「おはよ~って言っても誰も居ないんだっけ…」
眠い目を擦りながらそう呟く。頭を掻きながらトースターをセットして顔を洗いに行く
戻ってきた時に、焼きあがったパンがでてくる。それをさらに移して、冷蔵からバターを取り出して塗る
椅子に座り、テレビの電源を入れる。それをボーっと眺めながら、パンを食べる
食器などを片付けて、街へとくりだす。別にこれといって予定も無く、ただぶらぶらとする
あ!学校に来いって、親父が言ってたっけ…。えっと…何処だっけか?
悩んでいる時、路地から声が聞こえて来る
『嫌です!どうして、ボクが貴方達みたいな人と…』『別に変なことはしねーよ』
ん…?この路地から聞こえてきた気が…
『離して下さい!ボクは…』『譲ちゃん…おとなしくしろって…』『嫌です!』『痛くししねーからよー』
「はいはい…そこまで!」
パンパンと手を叩きながら、男二人組にゆっくりと歩み寄る
「何だお前は!」「俺?俺はただの通りすがりだけど…」「だったら、すこんでろ!」
男の一人がこっちを睨み付ける
「あ~そうもいかないんだよね~。聞こえるでしょ?」「あん?」
サイレンの音が次第に大きくなる
「ま、まずいぜ!」「ずらかるぞ!」
そういって、男共は逃げ出す。それを笑顔で手を振りながら見送る
「馬鹿な奴ら…」
ポケットからプレイヤーを取り出し、停止を押す
「大丈夫?」「は、はい…」
女の子はポカーンとこっちを見る
「ん…?俺の顔に何かついてる?」「え!?いえ…有難う御座います」
そういってぺこりと頭を下げる
「今度から気をつけなよ。

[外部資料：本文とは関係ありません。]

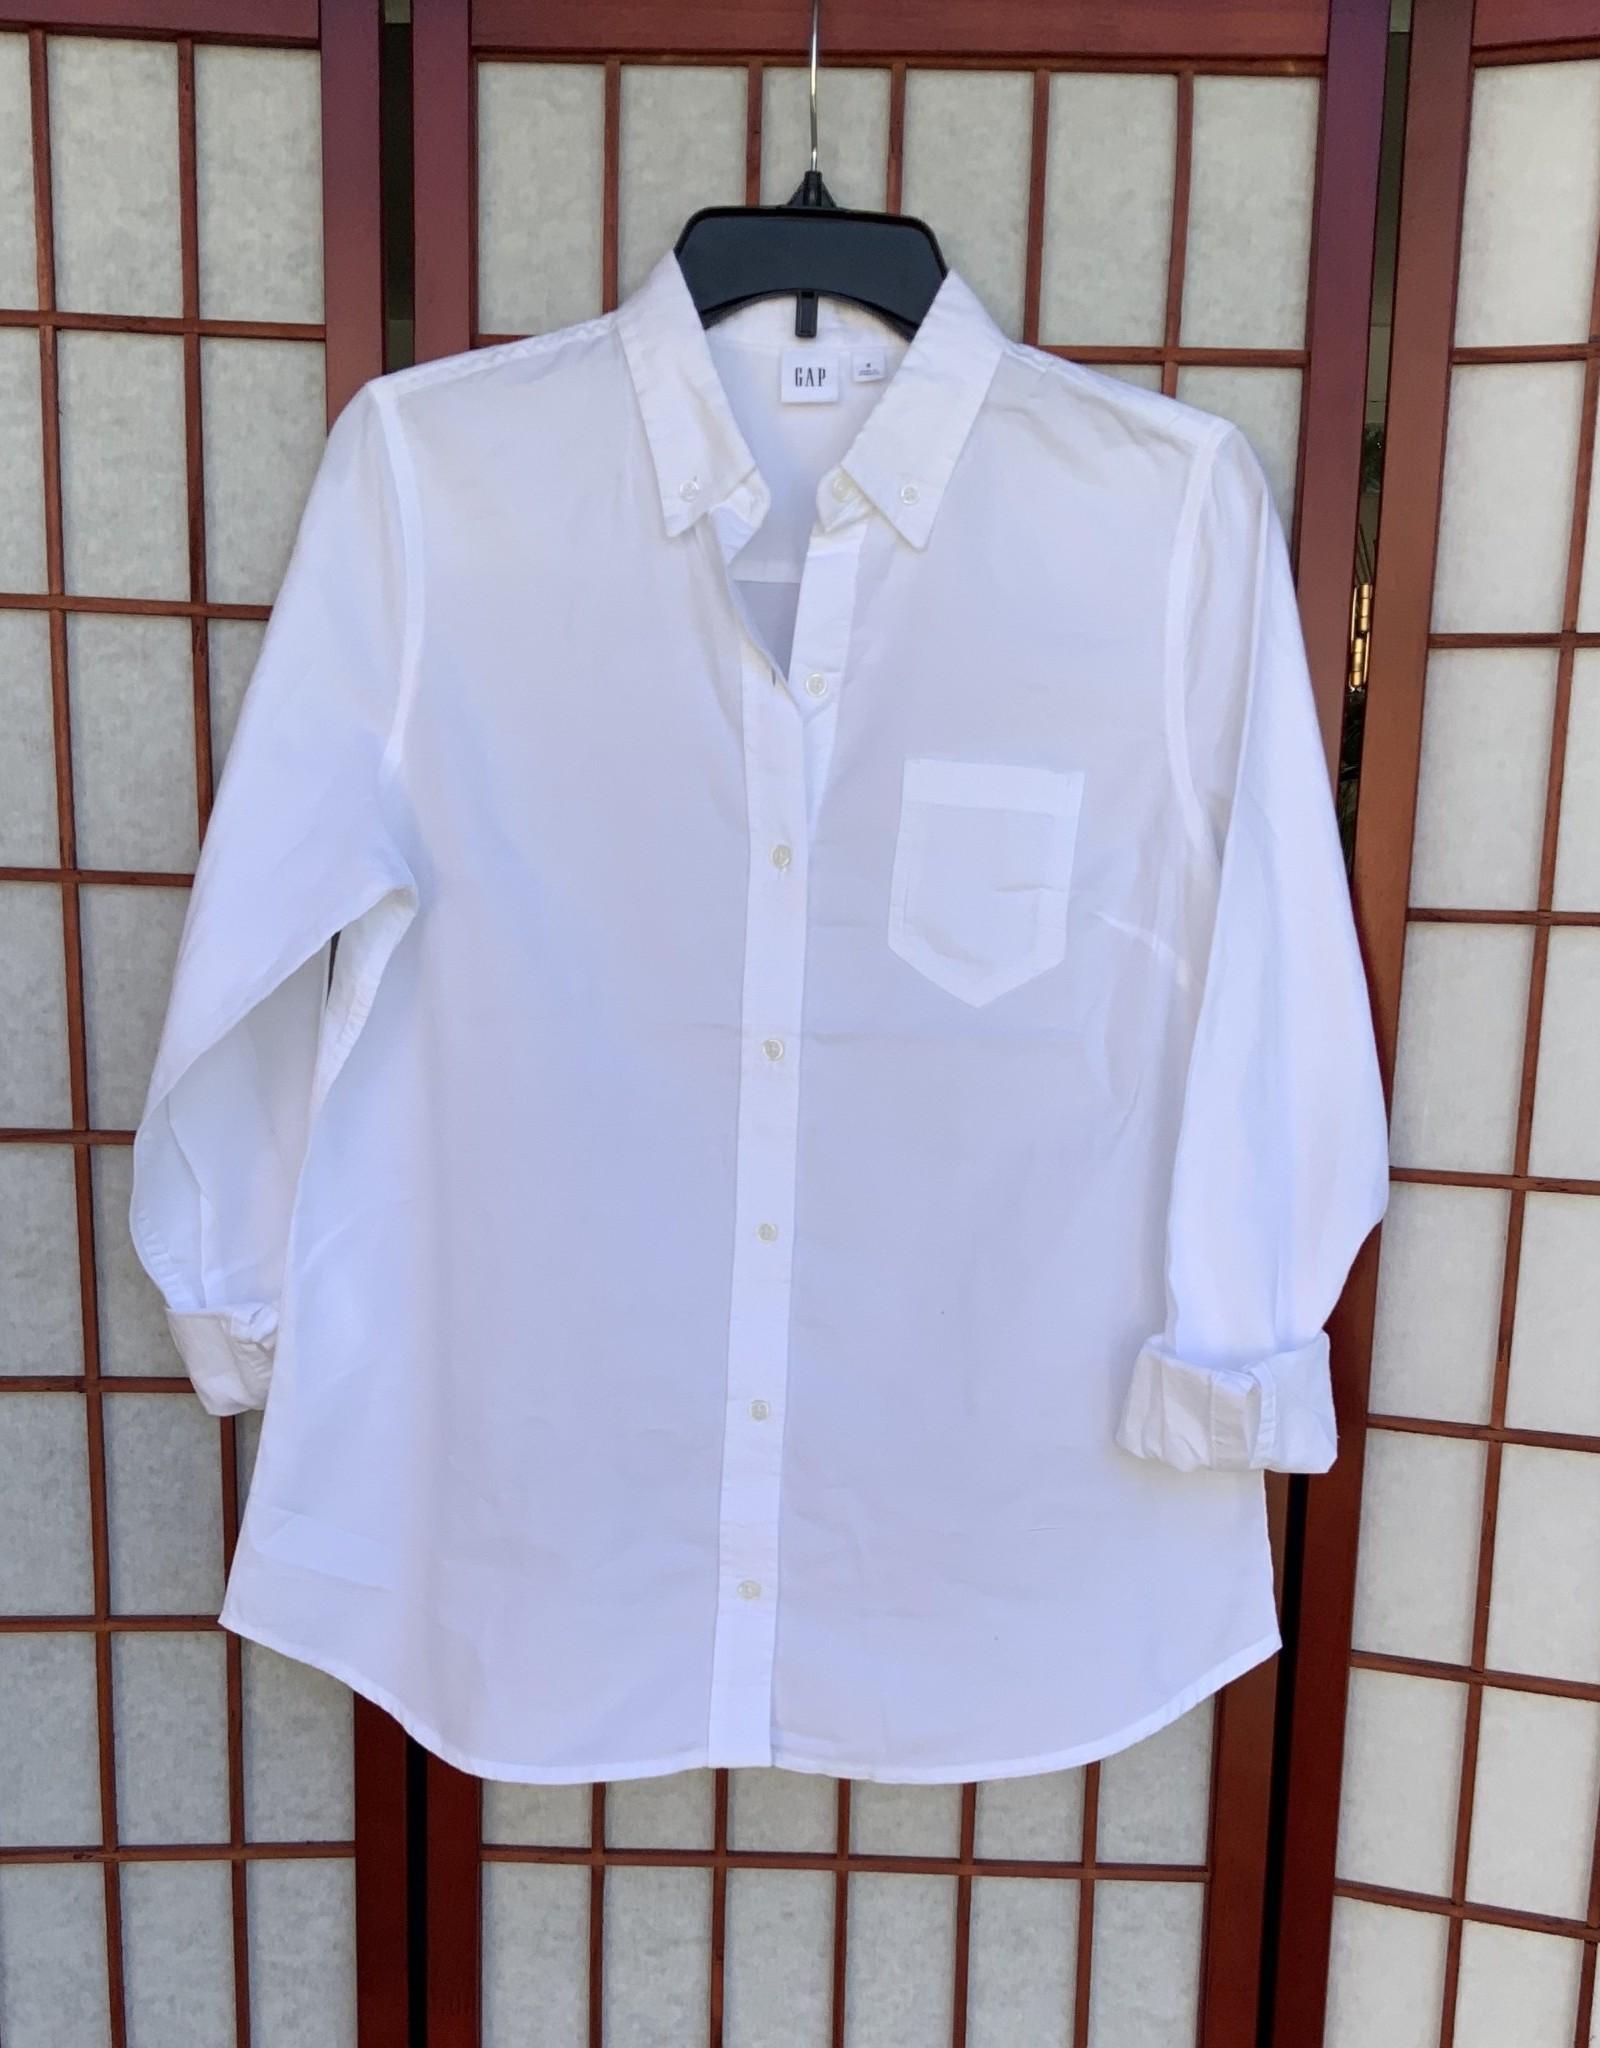 Gap Gap Fitted Boyfriend Long Sleeve Shirt

じゃあね」「あの…」「何か用事?」「えっと…何かお礼を…」
「別にいいよ…たいしたことしてないし…」
苦笑いを浮かべる
「でも、ボクの気持ちが…」
そういって、まっすぐこっちを見る
弱ったな~。別に何も…あ!
「君さ~」「はい?」「光葉…知ってる?」「知ってますけど…」「良かった~」
ほっと肩を撫で下ろす
「そこに行きたいんだけど、道案内を頼んでも良いかな~?」「はい。解りました」
女の子は笑顔で頷く
「あ、そうだ!俺は…」「矢島…忍ですよね?」「え!?」
初対面の子に、自分の名前をズバリ言い当てられて困惑する
「覚えてない?ボクの事…」「え…」
じーっと女の子を見る。ポッと頬を紅くする
「あ、ご、ゴメン…」「うふふふ…ボクは、桜井徹だよ」
そういって、あどけなく笑う
「桜井…徹……。あ~!」「思い出した?」「ああ…久しぶりだな…」「そうだね…」
「ここがそうだよ」「へぇ~」
口を半分開けた状態で、学園を見上げる
「入り口はこちらです」「あ、はい…」
女の子の後をついて行くと、入り口の所に蓮さんが立って居るのが目に入る
「あ!忍さん…」「どうも…」
蓮さんはこっちに駆け寄ってくる
「お知り合いですか?」「まぁ…」「心配したんですよ。そちらの方は?」
横に居る女の子を見ながら言う
「先ほど、危ない所を助けてもらったんです。それのお礼を兼ねて…」「そうですか」
「ところで、用事って何?」「はい。お話は中で。えっと…」「始めまして、桜井徹です」
「私は、牧村蓮です宜しく」
徹は蓮さんに頭をさげる
「お~徹ちゃんじゃないか~」「あ、理事長…」
蓮さんは親父に向かって御辞儀をする
「親父…知ってるのか?」「知ってるも何も、幼児期に四人で遊んでただろう…」
「四人…だっけ?」「さ、積もる話もあるでしょうから、中へ…」
校舎の中に入る
第弐章へGO!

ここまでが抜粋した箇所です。